### [EXERCISE REQUIREMENTS]
Leave out the pictures and retype exactly the lines from the line with "Bhopal: Journalism varsity VC Upasne resigns" through the end of the listing below.

### [DATA]
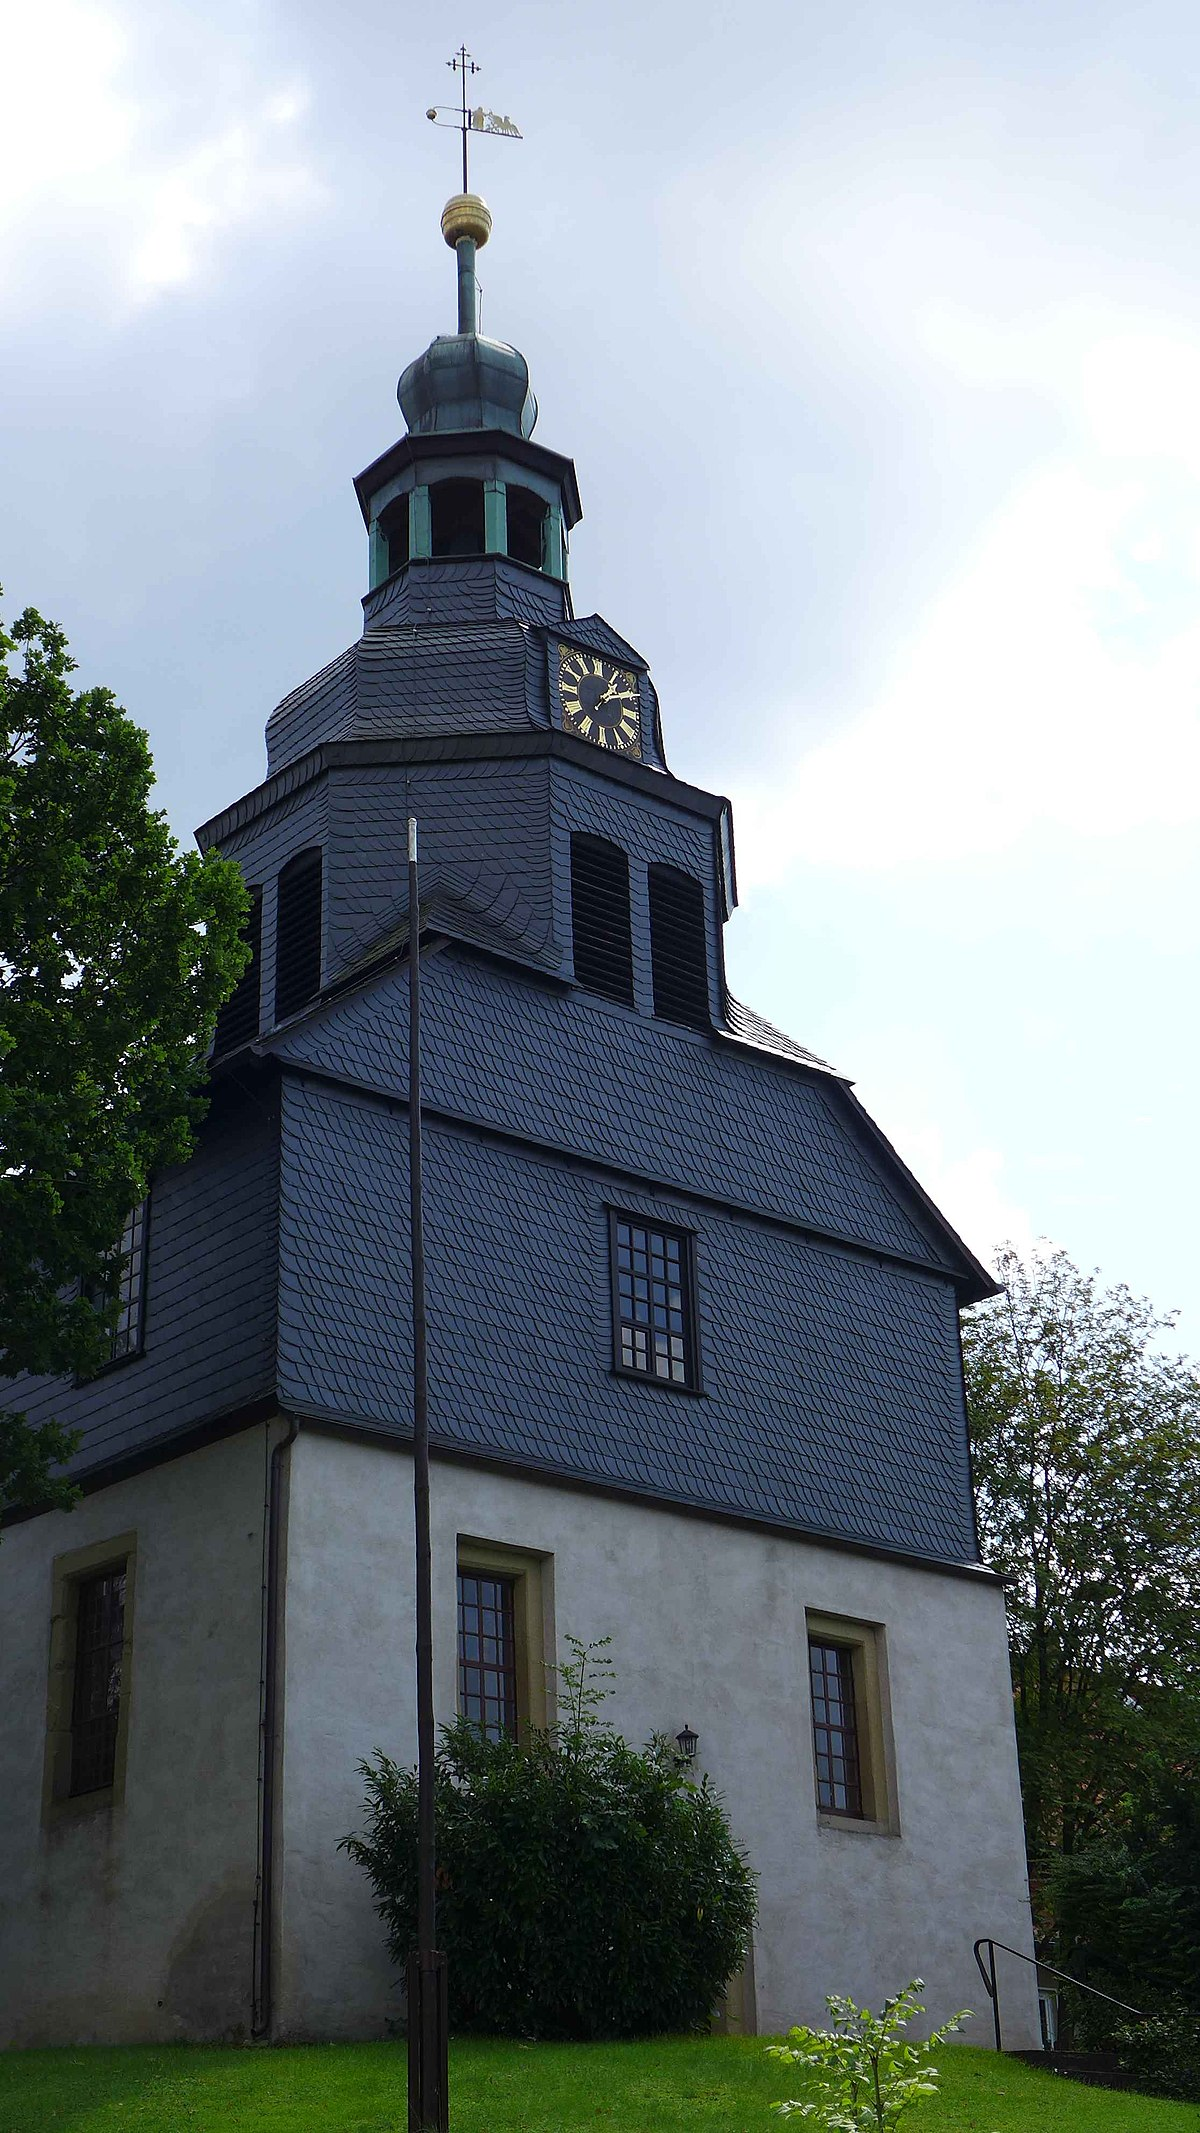 Ildehausen
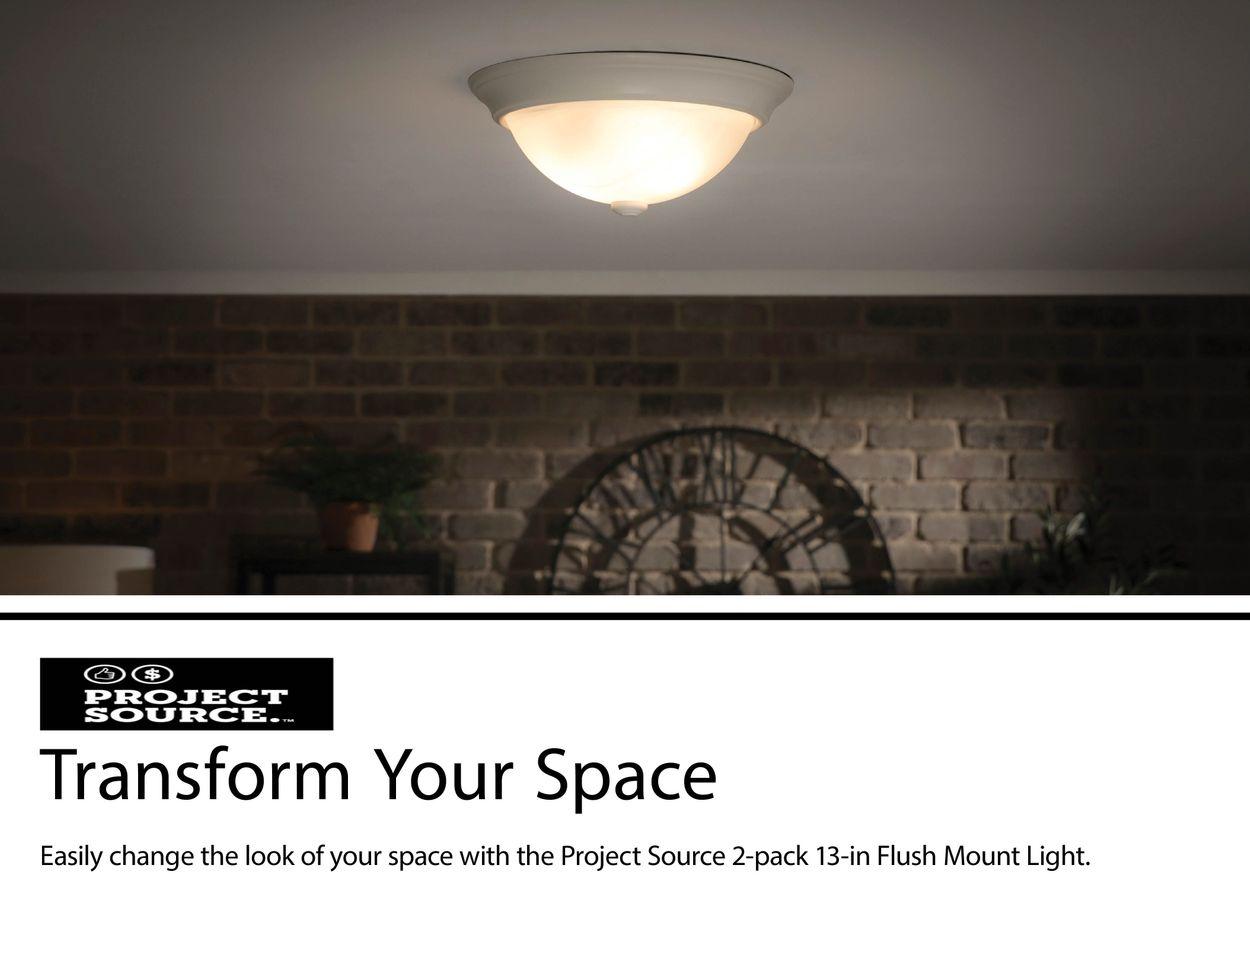 Light Fixture Tester On Wiring Light Bulb Fixture As Well 1000 Images
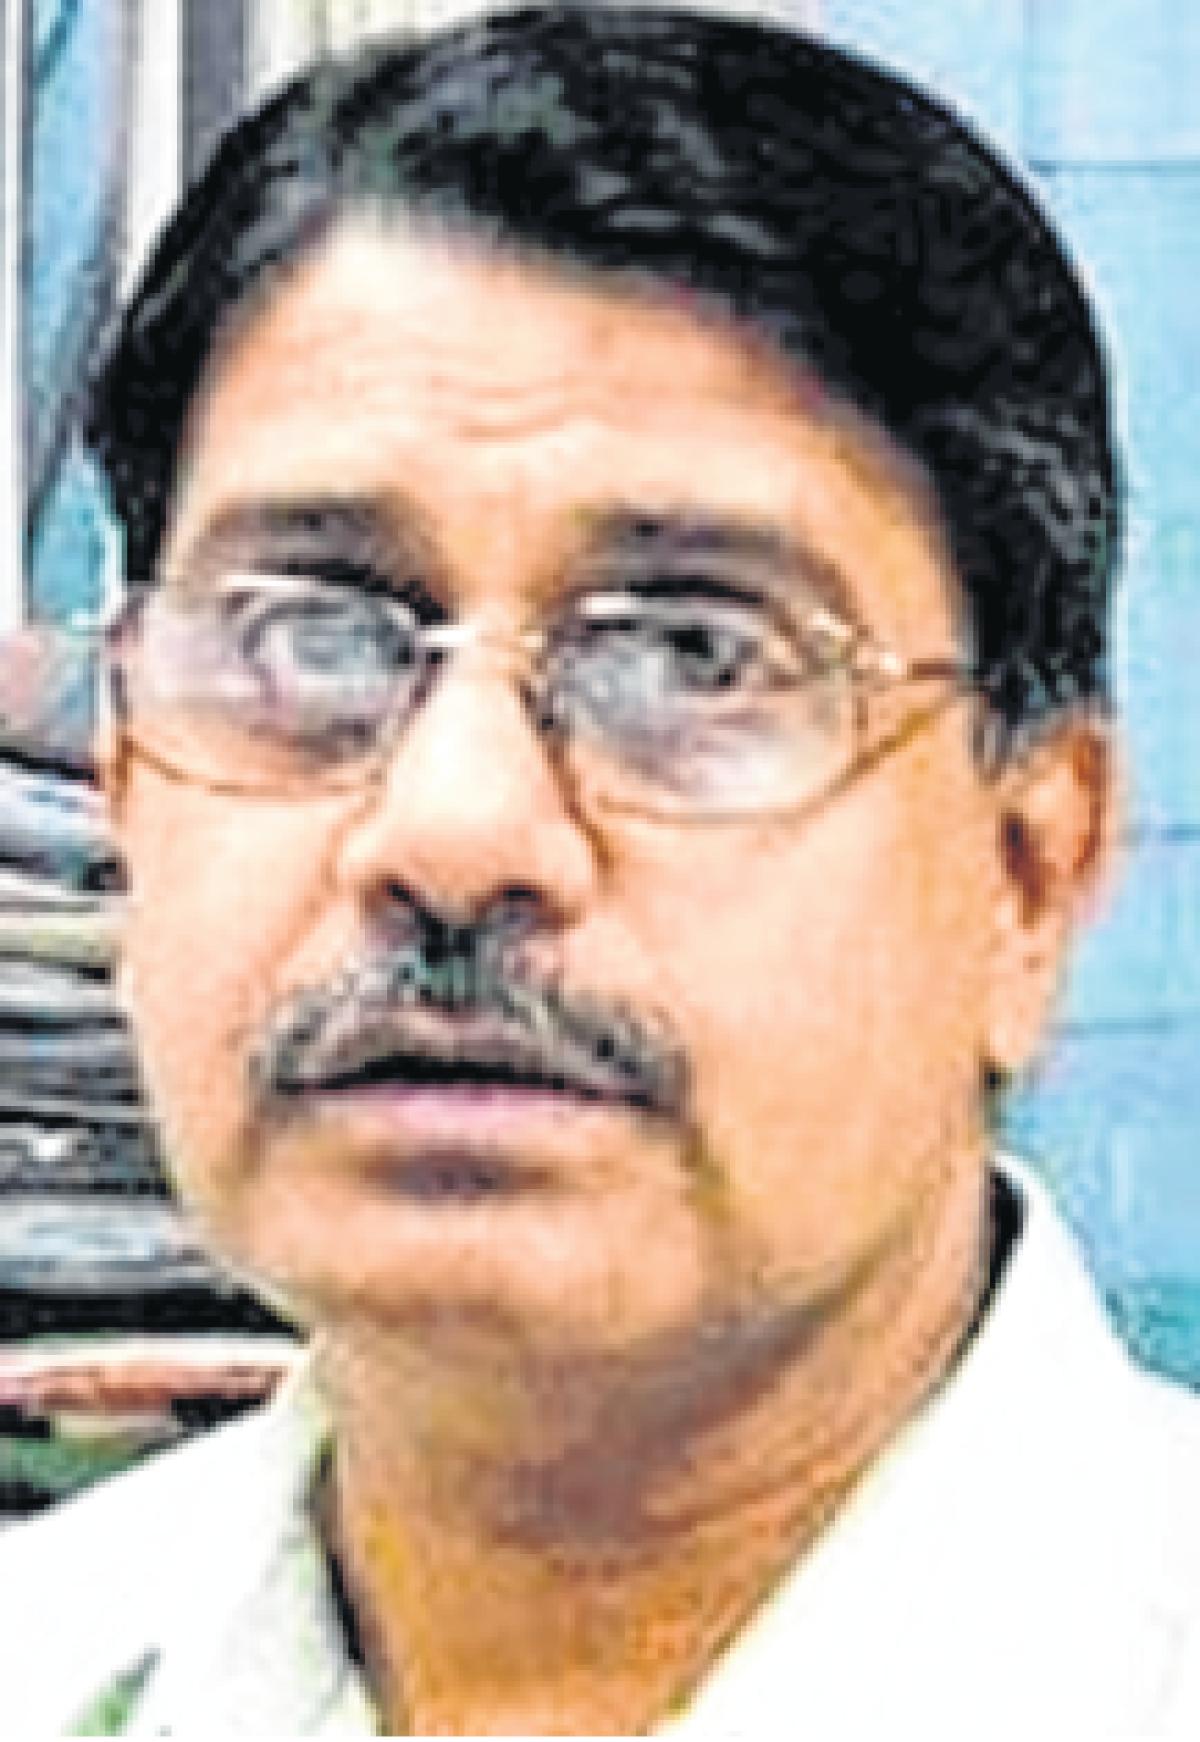 Bhopal: Journalism varsity VC Upasne resigns
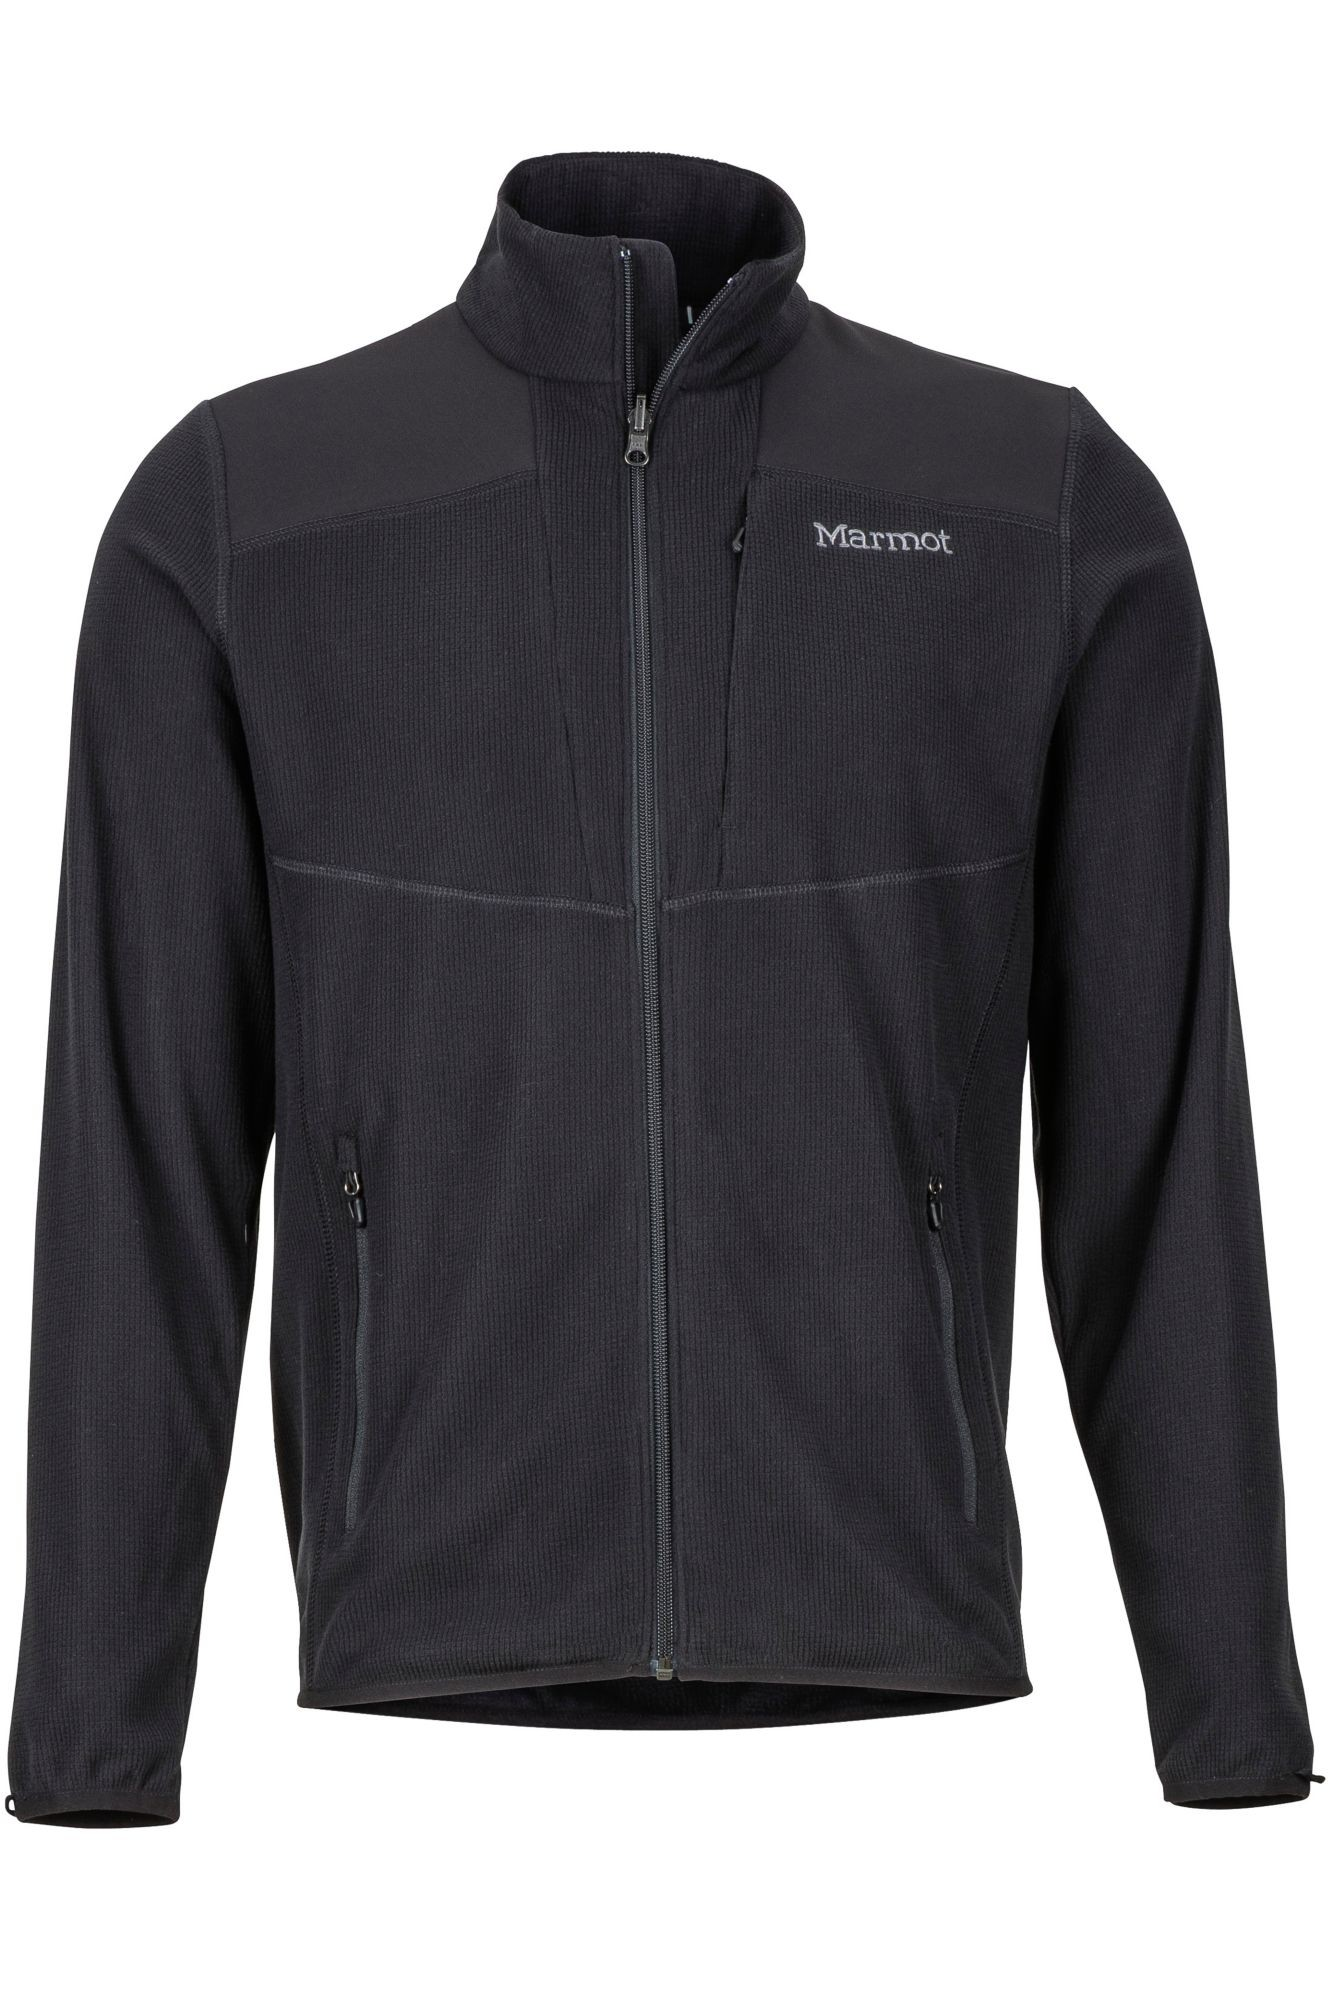 Marmot Reactor Jacket - Polaire homme

### [ANSWER BOX]
 Bhopal: Journalism varsity VC Upasne resigns
 Marmot Reactor Jacket - Polaire homme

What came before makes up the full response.